Step 3: Find A and B
We have y’ₚ = -A sin(x) + B cos(x) and y”ₚ = -A cos(x) – B sin(x). Substituting into the non-homogeneous equation gives: -A cos(x) – B sin(x) + A cos(x) + B sin(x) = 5sin(x).
Comparing coefficients, we get A = 0 and B = 5. Thus, yₚ = 5sin(x).
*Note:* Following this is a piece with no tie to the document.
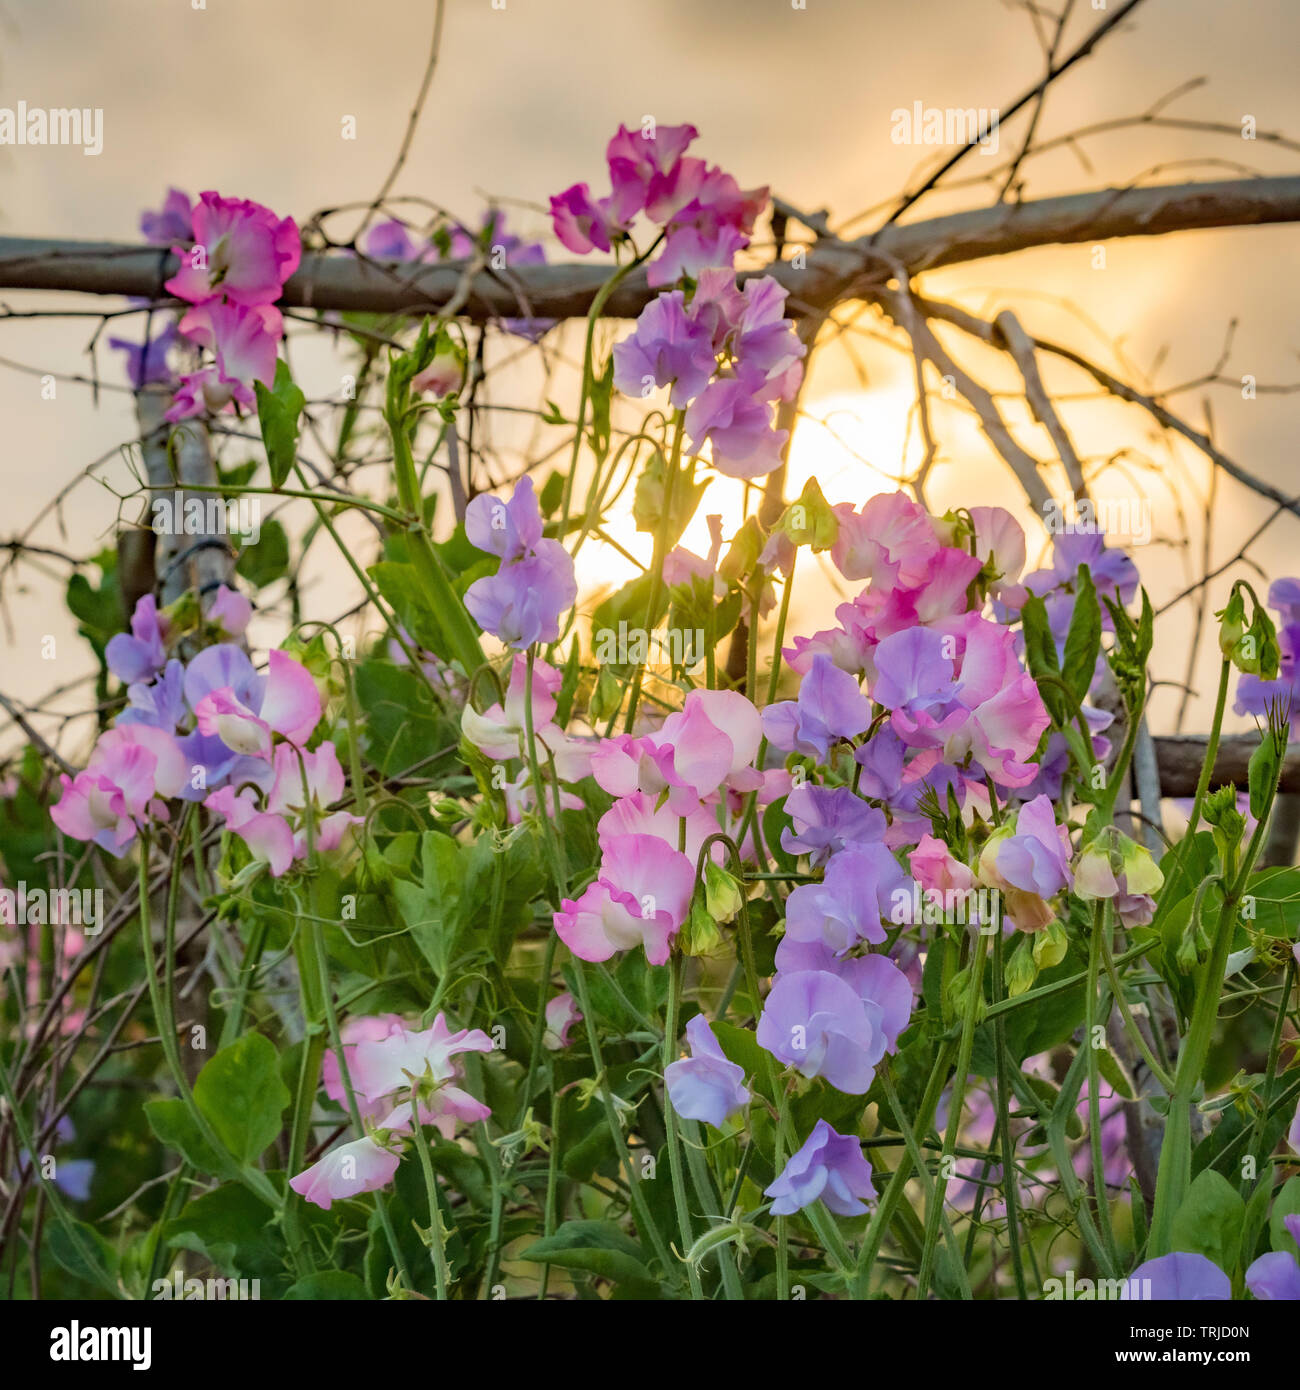 Sweet pea plants flowering at sunset or sunrise Stock Photo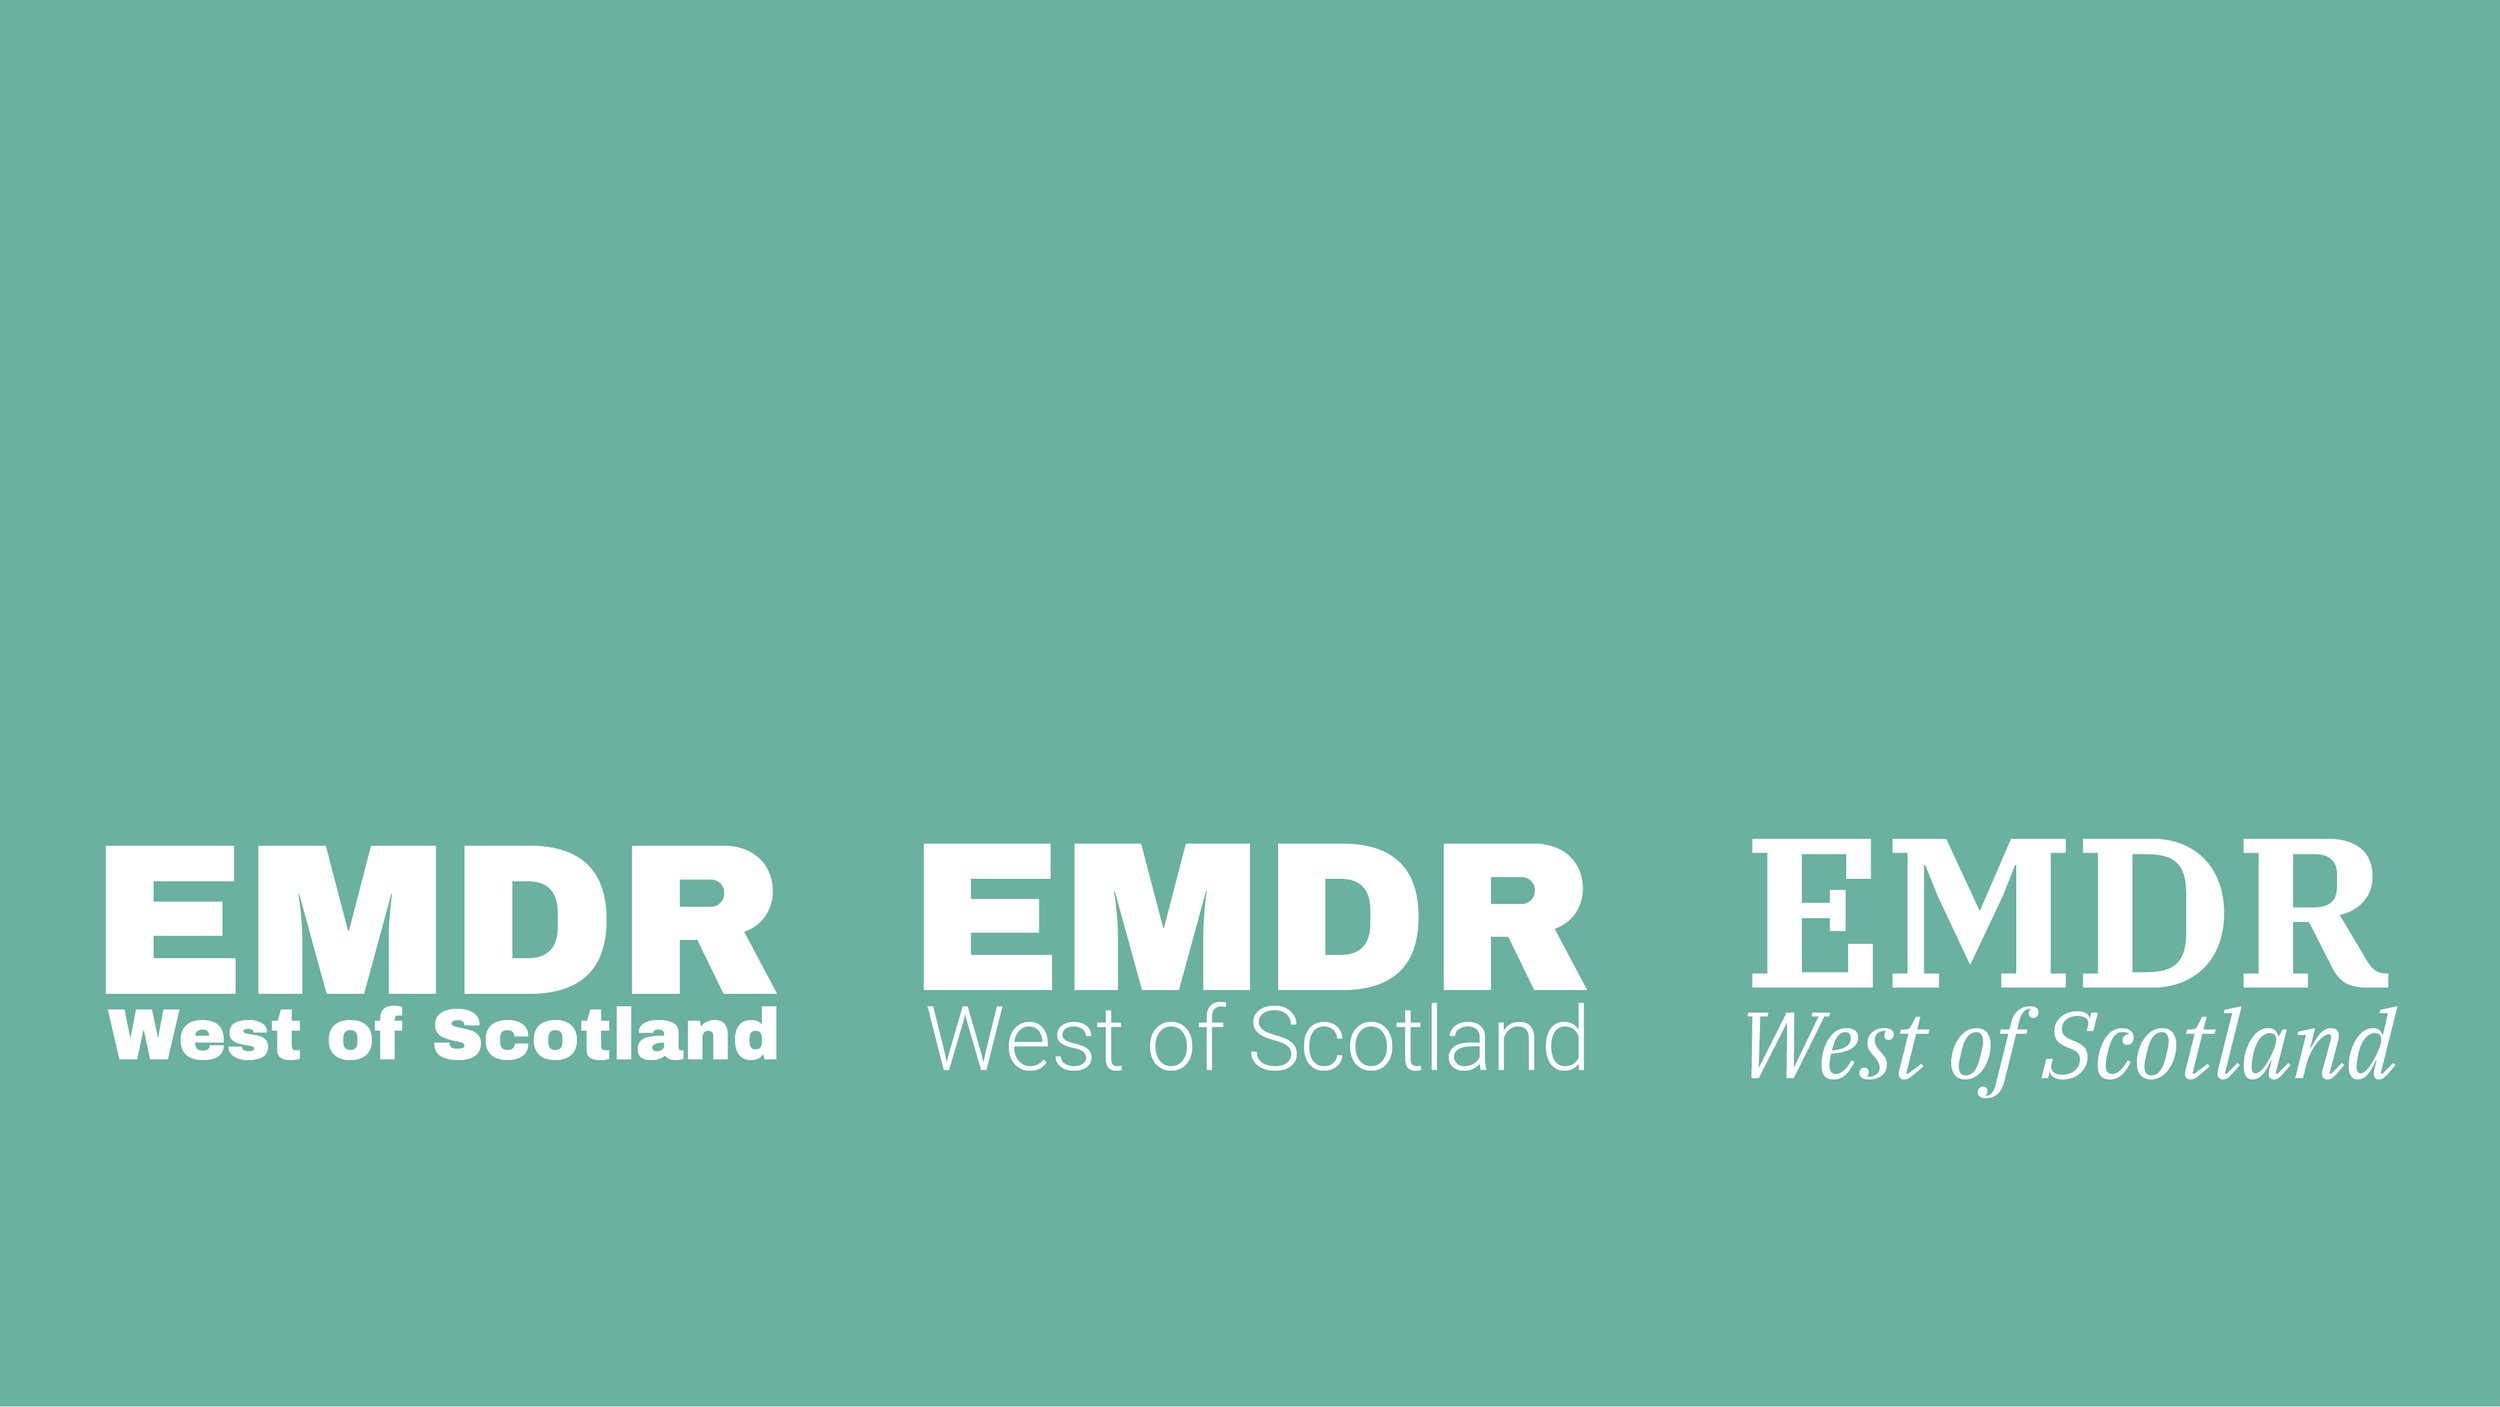 EMDR-graphic versions-06.jpg

Step 4: Write the General Solution
The general solution is y = c₁ * cos(x) + c₂ * sin(x) + 5sin(x).
Example 8
Solve the differential equation: y”’ – 4y” + 5y’ – 2y = 3x
Solution
Step 1: Solve the Homogeneous Equation
The characteristic polynomial is r³ – 4r² + 5r – 2 = 0. Its roots are r = 1, 2 (double root). Thus, the general solution to the homogeneous equation is:
yₕ = c₁ * eᵡ + c₂ * xe²ˣ + c₃ * e²ˣ
Step 2: Guess a Particular Solution
Since the RHS is 3x, we guess yₚ = Ax.
Step 3: Find A
We have:
y’ₚ = A
y”ₚ = 0
and:
y”’ₚ = 0
Substituting into the non-homogeneous equation gives:
0 – 40 + 5A – 2*A = 3
Solving for A gives A = 1.
Step 4: Write the General Solution
The general solution is y = c₁ * eᵡ + c₂ * x * e²ˣ + c₃ * e²ˣ + x.